基于Label Studio 集成视觉大模型Qwen2-VL和yolo实现自动标注

Label Studio介绍：Label Studio 是一款开源的数据标签工具。它允许你用简单直接的界面为音频、文本、图片、视频和时间序列等数据类型命名，并导出为多种模型格式。它可以用于准备原始数据或改进现有训练数据，以获得更准确的机器学习模型。

Label Studio源代码地址：github.com/HumanSignal...

Label Studio界面如下：

Label Studio ML backend ：Label Studio 机器学习后端是一个 SDK，可以让你把机器学习代码打包成 Web 服务器。该网页服务器可以连接到正在运行的 Label Studio 实例，以实现自动化标签任务。 Github地址：Label Studio ML backend

下面介绍使用视觉大模型Qwen2-VL作为ML backend实现自动标注

环境搭建

硬件配置

我是在AutoDL网站上（www.autodl.com/home）租的云服务器，规格配置如下图

1.创建虚拟环境

python 复制代码

conda create -n labels python=3.10

2.安装 Label Studio

python 复制代码

pip install label-studio

最终安装的版本如下

3.配置 Label Studio 数据目录

默认数据存储在 ~/.local/share/label-studio,可以使用如下命令重新配置目录

python 复制代码

export LABEL_STUDIO_LOCAL_FILES_SERVING_ENABLED=true
export LABEL_STUDIO_LOCAL_FILES_DOCUMENT_ROOT=autodl-tmp/label-studio-develop/data

开发 ML Backend 服务

1.安装 Backend 依赖

python 复制代码

pip install flask requests pillow python-dotenv gunicorn

2.创建项目结构

python 复制代码

mkdir -p ml_backend
cd ml_backend

3.创建环境变量文件 .env

python 复制代码

nano .env

填入 Qwen-VL 相关API调用信息

python 复制代码

QWEN_API_KEY=HHKM7PMBA4SKWMRZFQMLGZL73IMSU******
QWEN_BASE_URL=https://ai.gitee.com/v1/chat/completions
MODEL_NAME= Qwen2-VL-72B

4.编写 Backend 代码 app.py

python 复制代码

# app.py
# 修改点：使用归一化坐标输出 bbox
# 修改Prompt,框选结果更准确完整

import os
import io
import base64
import logging
from PIL import Image
import requests
from flask import Flask, request, jsonify
from dotenv import load_dotenv
import json
import urllib.parse

load_dotenv()

app = Flask(__name__)
logging.basicConfig(level=logging.INFO)

API_KEY = os.getenv("QWEN_API_KEY")
BASE_URL = os.getenv("QWEN_BASE_URL")
MODEL_NAME = os.getenv("MODEL_NAME", "qwen-vl-plus")

if not API_KEY:
    raise ValueError("❌ Missing QWEN_API_KEY in .env file!")

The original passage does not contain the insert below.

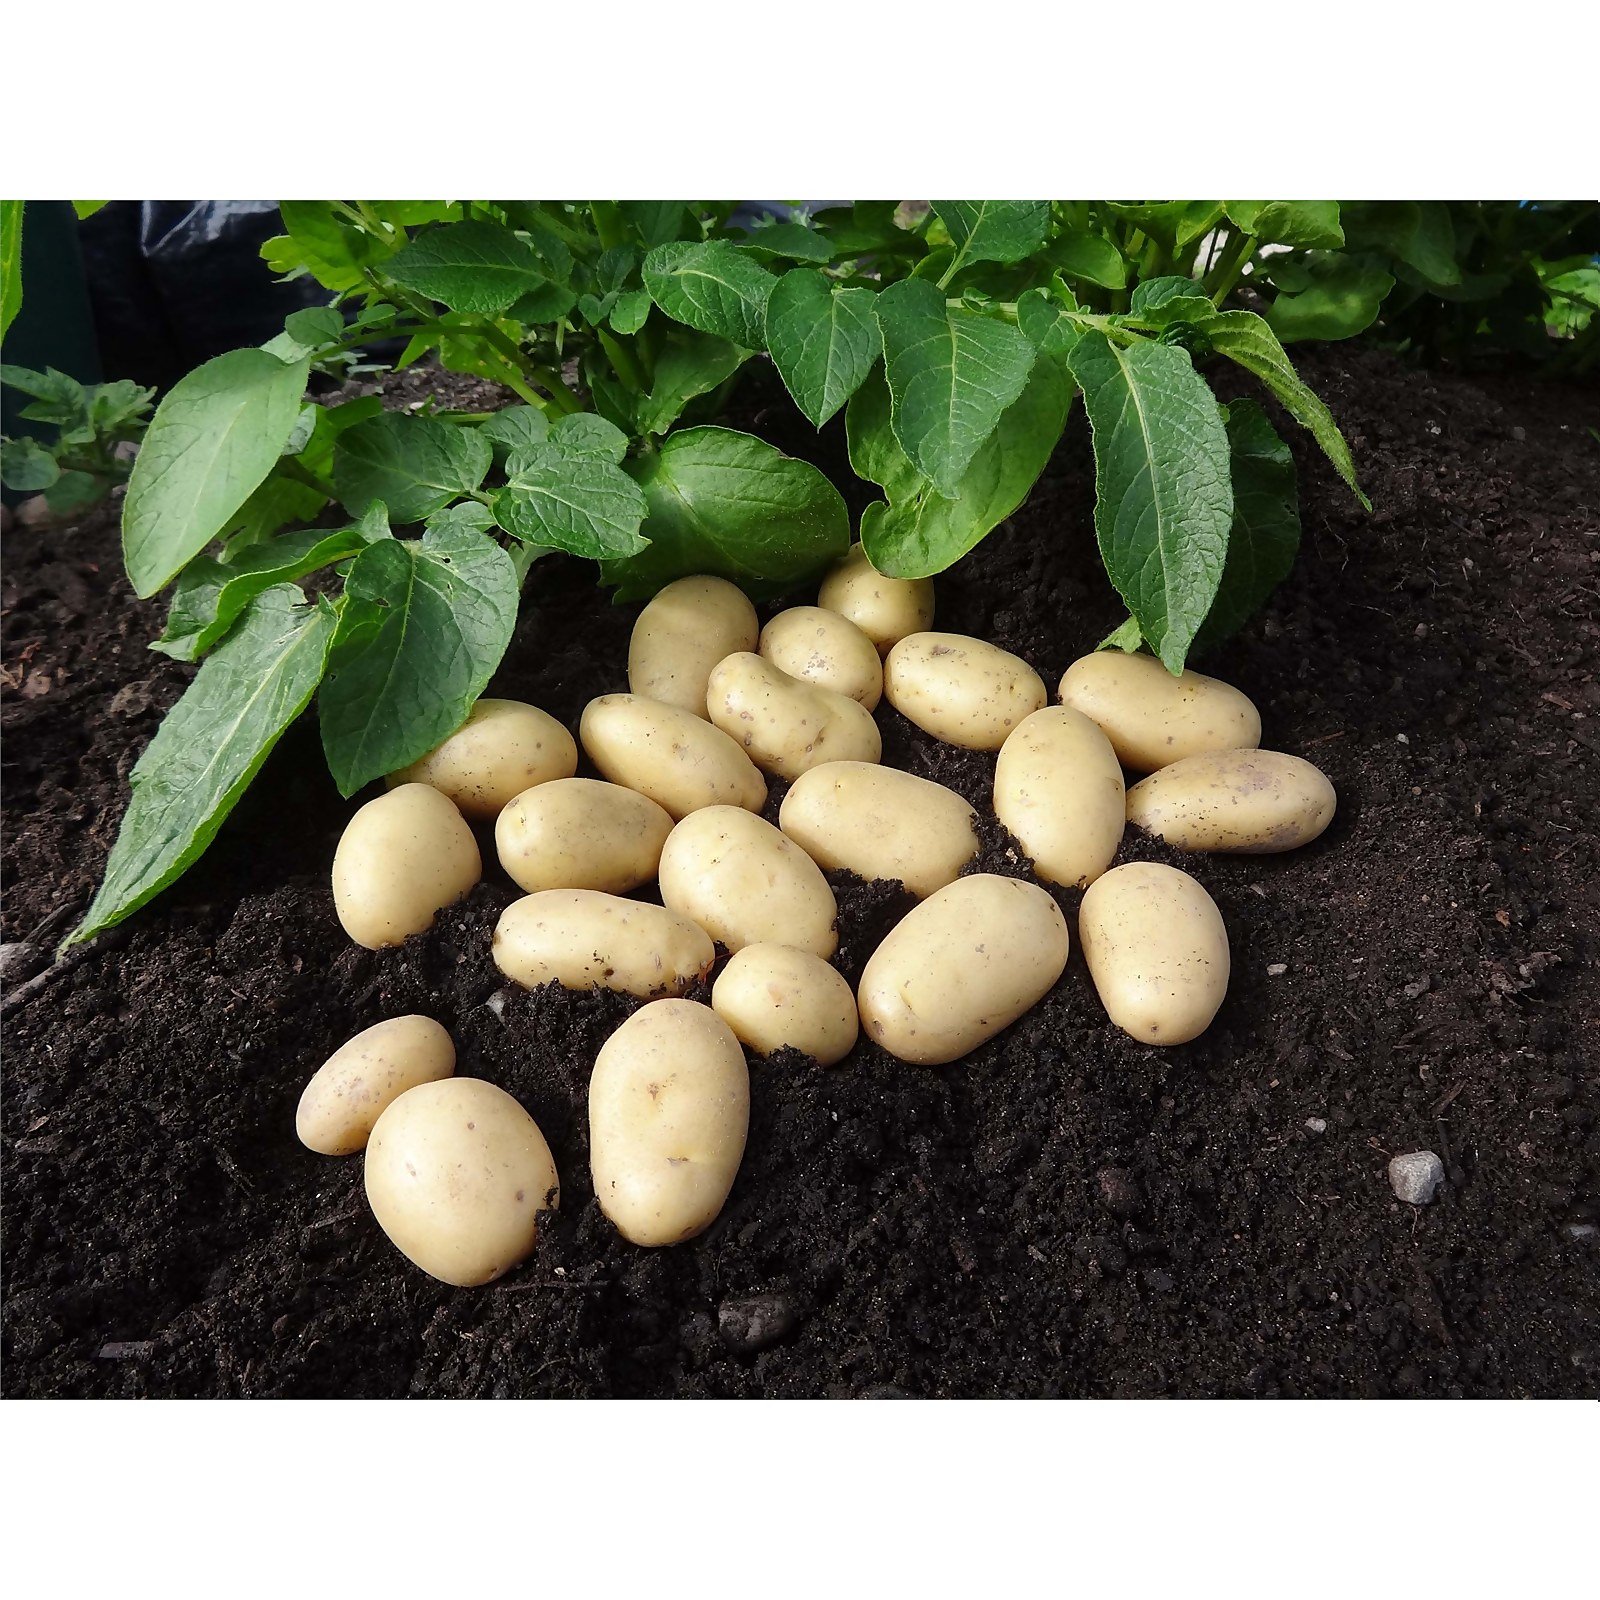 grow your own potatoes

def call_qwen_vl(image_b64: str, prompt: str):
    headers = {
        "Authorization": f"Bearer {API_KEY}",
        "Content-Type": "application/json"
    }
    payload = {
        "model": MODEL_NAME,
        "messages": [
            {
                "role": "system",
                "content": (
                    "You are an expert object detector. "
                    "Only output a strict JSON with NO explanation, markdown, or extra text. "
                    "Use ONLY these labels: Airplane, Drone, Helicopter, Bird. "
                    "The 'bbox' must be in normalized coordinates (0.0 to 1.0) relative to image width and height: [x1_norm, y1_norm, x2_norm, y2_norm], where (0,0) is top-left and (1,1) is bottom-right. "
                    "Example: {\"objects\":[{\"label\":\"Airplane\",\"bbox\":[0.062,0.119,0.143,0.211]}]}"
                )
            },
            {
                "role": "user",
                "content": [
                    {"type": "image_url", "image_url": {"url": f"data:image/jpeg;base64,{image_b64}"}},
                    {"type": "text", "text": prompt}
                ]
            }
        ],
        "stream": False,
        "max_tokens": 1024,
        "temperature": 0.2
    }

    try:
        response = requests.post(BASE_URL, headers=headers, json=payload, timeout=30)
        response.raise_for_status()
        data = response.json()
        content = data['choices'][0]['message']['content']
        return content
    except Exception as e:
        logging.error(f"Qwen API error: {e}")
        if 'response' in locals() and hasattr(response, 'text'):
            logging.error(f"API Response: {response.text}")
        return None


@app.route('/predict', methods=['POST'])
def predict():
    try:
        tasks = request.json.get('tasks', [])
        if not tasks:
            return jsonify([])

        task = tasks[0]

        # 🔒 关键修复：跳过已有标注的任务，避免锁冲突
        if task.get('annotations') and len(task['annotations']) > 0:
            logging.info("Task already annotated, skipping prediction to avoid lock conflict.")
            return jsonify([])

        image_data = task['data']['image']
        logging.info(f"Received image_data: {image_data}")

        # ==== 读取图片 ====
        img_bytes = None
        if image_data.startswith('/data/upload/'):
            rel_path = urllib.parse.unquote(image_data[len('/data/upload/'):])
            real_path = os.path.join('/root/.local/share/label-studio/media/upload', rel_path)
            with open(real_path, 'rb') as f:
                img_bytes = f.read()
        elif image_data.startswith('data:image'):
            img_bytes = base64.b64decode(image_data.split(',', 1)[1])
        else:
            img_bytes = requests.get(image_data, timeout=10).content

        img = Image.open(io.BytesIO(img_bytes))
        w, h = img.size
        logging.info(f"✅ Original image dimensions: width={w}, height={h}")

        # 转 JPEG 再编码
        buf = io.BytesIO()
        img.save(buf, format="JPEG")
        image_b64 = base64.b64encode(buf.getvalue()).decode('utf-8')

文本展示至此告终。